Insanely good Manhattan speakers

The UK audio company Q Acoustics has excelled itself with these insanely beautiful and terrific-sounding new speakers called Concept 300. I am a huge fan of Q Acoustics’ speakers and have a pair of its Concept 20 bookshelf ones in my audio retinue, but the official stands for these, which I didn’t go for, are unusually quite ugly. The Concept 300s’, on the other hand, are cool Manhattan-loftworthy tripods – and they are not just for show. A loudspeaker’s biggest challenge is to ensure that all the vibration taking place is musical rather than serving to rattle the teacups. The tripod legs of the Concept 300 stands are braced in a very specific way to stop vibration making its way down to your floor and, if you have an apartment, to your downstairs neighbours. 
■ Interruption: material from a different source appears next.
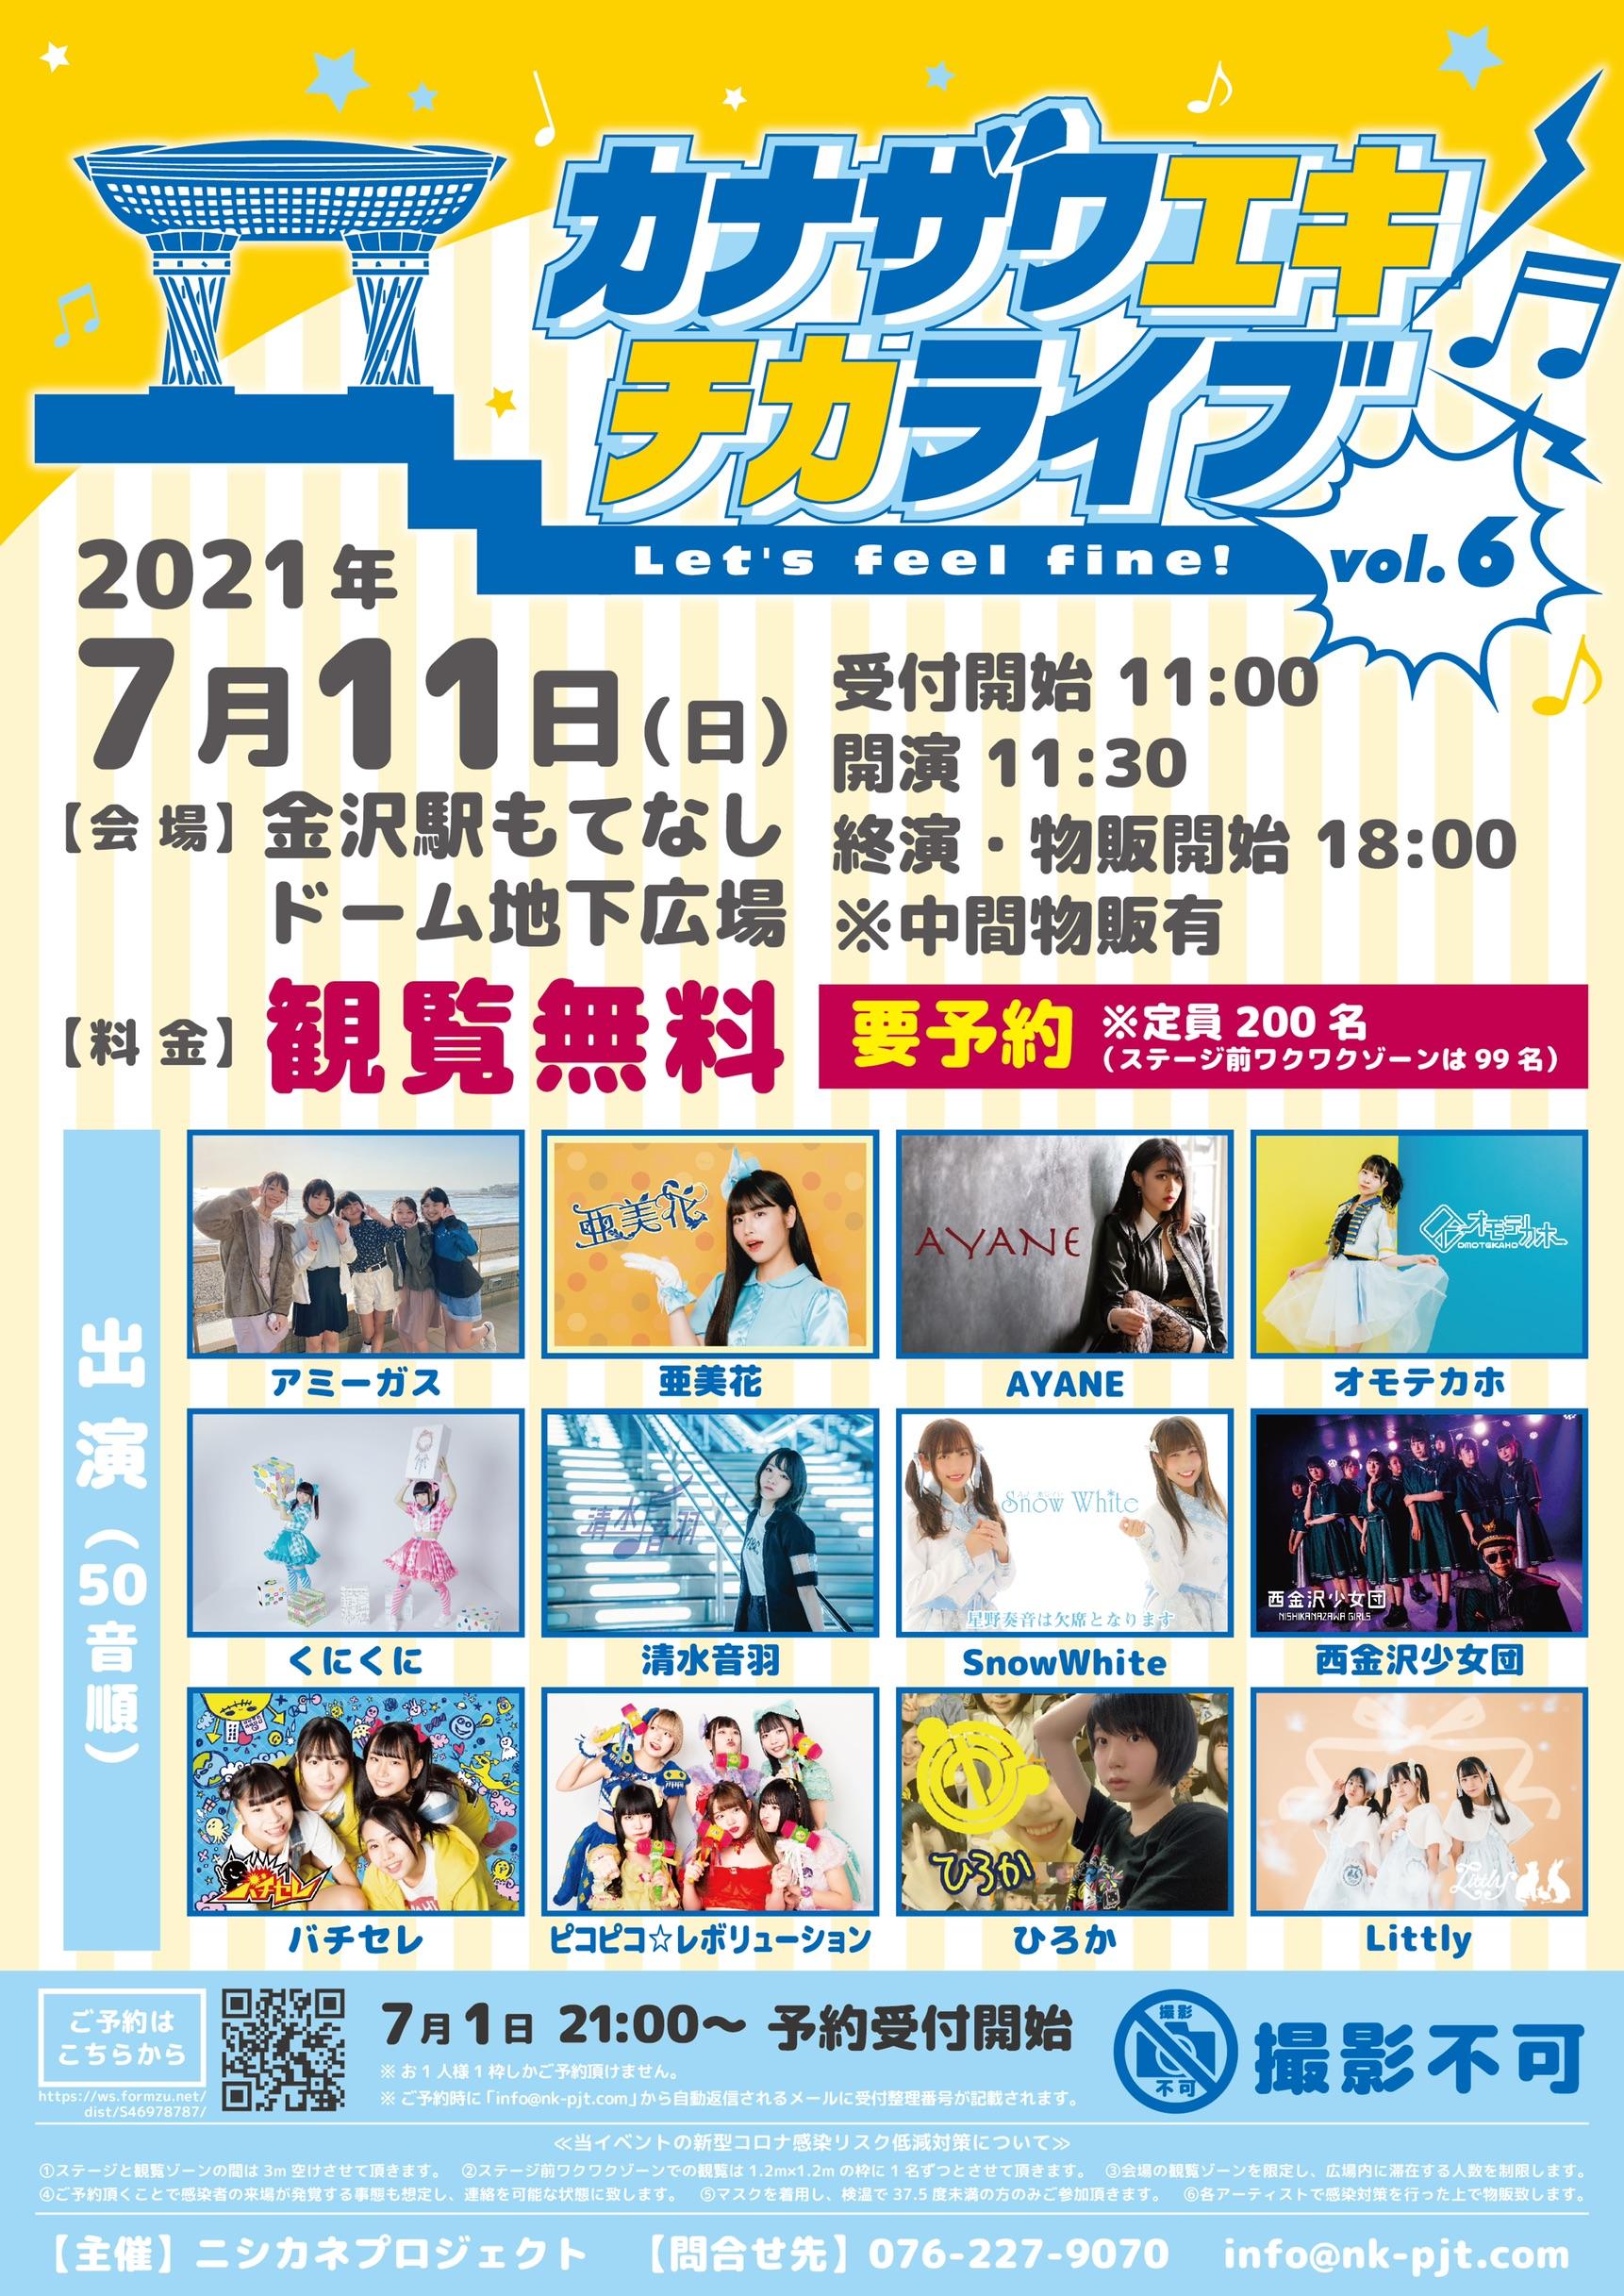 カナザワエキチカライブ vol.6(金沢) @ 金沢駅もてなしドーム地下広場

The result is a sound much bigger than you would expect from speakers of their size (40cm x 35cm x 22cm). I found the Concept 300s a little harsh at first when playing female vocalists, but the bass on the industry-standard speaker-torturing track, Massive Attack’s Inertia Creeps, sounds like it’s from a much more substantial, hidden source.
qacoustics.co.uk

Dyson’s brilliant new take on the floor lamp

My eyes are doing what many people’s eyes do when they pass 45: demanding more and better light to read printed material. So I recently bought one of those British designed-and-made Serious Readers lights you see advertised in magazines, aimed at the more mature market. It’s pretty basic technology with a heavily engineered stand, and it does the job – making old-school reading less strenuous on the eyes. Its design is, however, rather British Leyland c1980. When my younger daughter saw it, she said, “Dad, why have you got a dentist’s light?” 

This new model from James Dyson’s lighting specialist son Jake, now integrated into the family mothership down in Wiltshire (and, yes, Singapore), is the other end of the scale from my Serious Readers clunker. It looks ludicrously cool; it’s a superb piece of physical and electronic design; and it also makes reading for the tired-of-eyeball much, much easier.
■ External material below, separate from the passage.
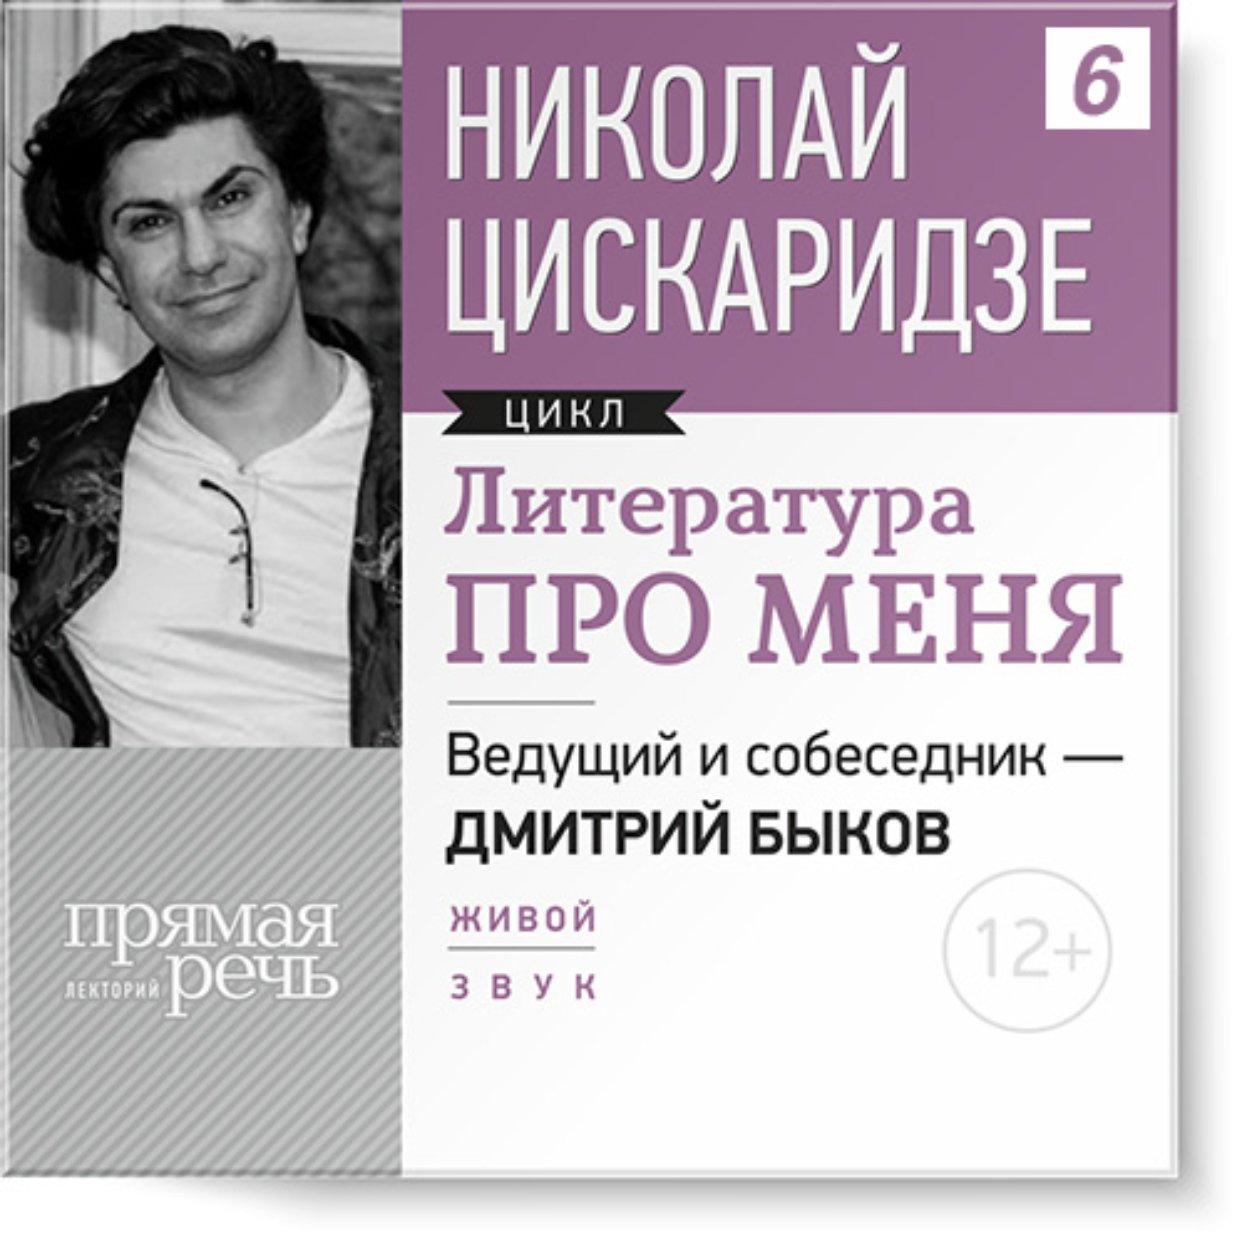 Николай Цискаридзе. Литература про меня

What I love about the literally brilliant Lightcycle Floor Light is that you can adjust both the intensity and the colour – from smoochily low to ultra-bright. What I admire, but can’t be bothered with, is that you can run the

light from an app and program it to track the time of day, adjusting the light accordingly. Thank you. Life. Too. Short.
dyson.co.uk

A 5G phone that’s setting the pace in the UK

I will be looking at many 5G phones in times to come; it might, indeed, be the last G I ever have to think about because at up to 20 times faster than the best 4G, and with latency (aka delay) almost as minimal as in the human brain, many in telecoms believe there will never be a 6G.

But Technopolis’s first 5G phone is from newbie phone maker OnePlus, which beat all the big phone cheeses to market in a deal with EE, which was also the first with 5G in the UK. It isn’t just OnePlus’s agility that deserves respect. Its 7 Pro 5G with 10 different radio aerials inside – 5G is complicated – is just so good. Apart from lacking the (frankly) gimmicky waterproof rating and not-so-big-deal wireless charging offered by established manufacturers, it is every bit as good as the 5G competitors that will be rampant when you read this. It even has its own gimmick – a pop-up selfie camera that leaves the big, glorious screen free of notches for the usual camera.
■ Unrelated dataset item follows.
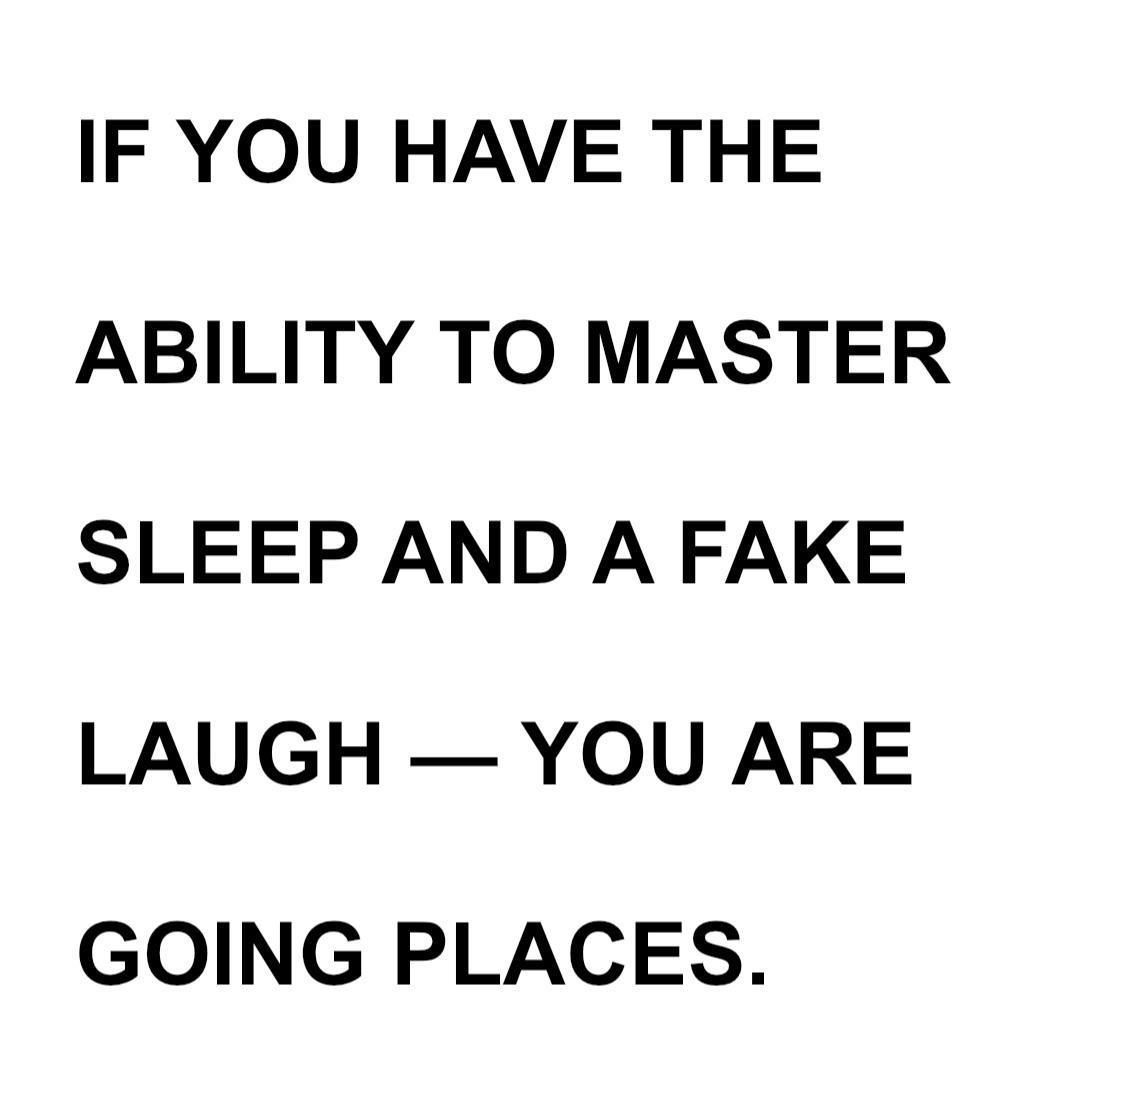 [IMAGE] Recipe for success.

5G is incredible. I was getting speeds in the hundreds of MBps in London right after EE’s launch. Someone in Birmingham got 1.8GBps. That’s double the fastest broadband speed. And it means you could download a film before getting on a plane, say, in seconds. Ingesting a 10GB film will, of course, put a dent in your monthly data allowance, so EE (I’m sure others will follow) offers a limitless video data pass on top of your regular data.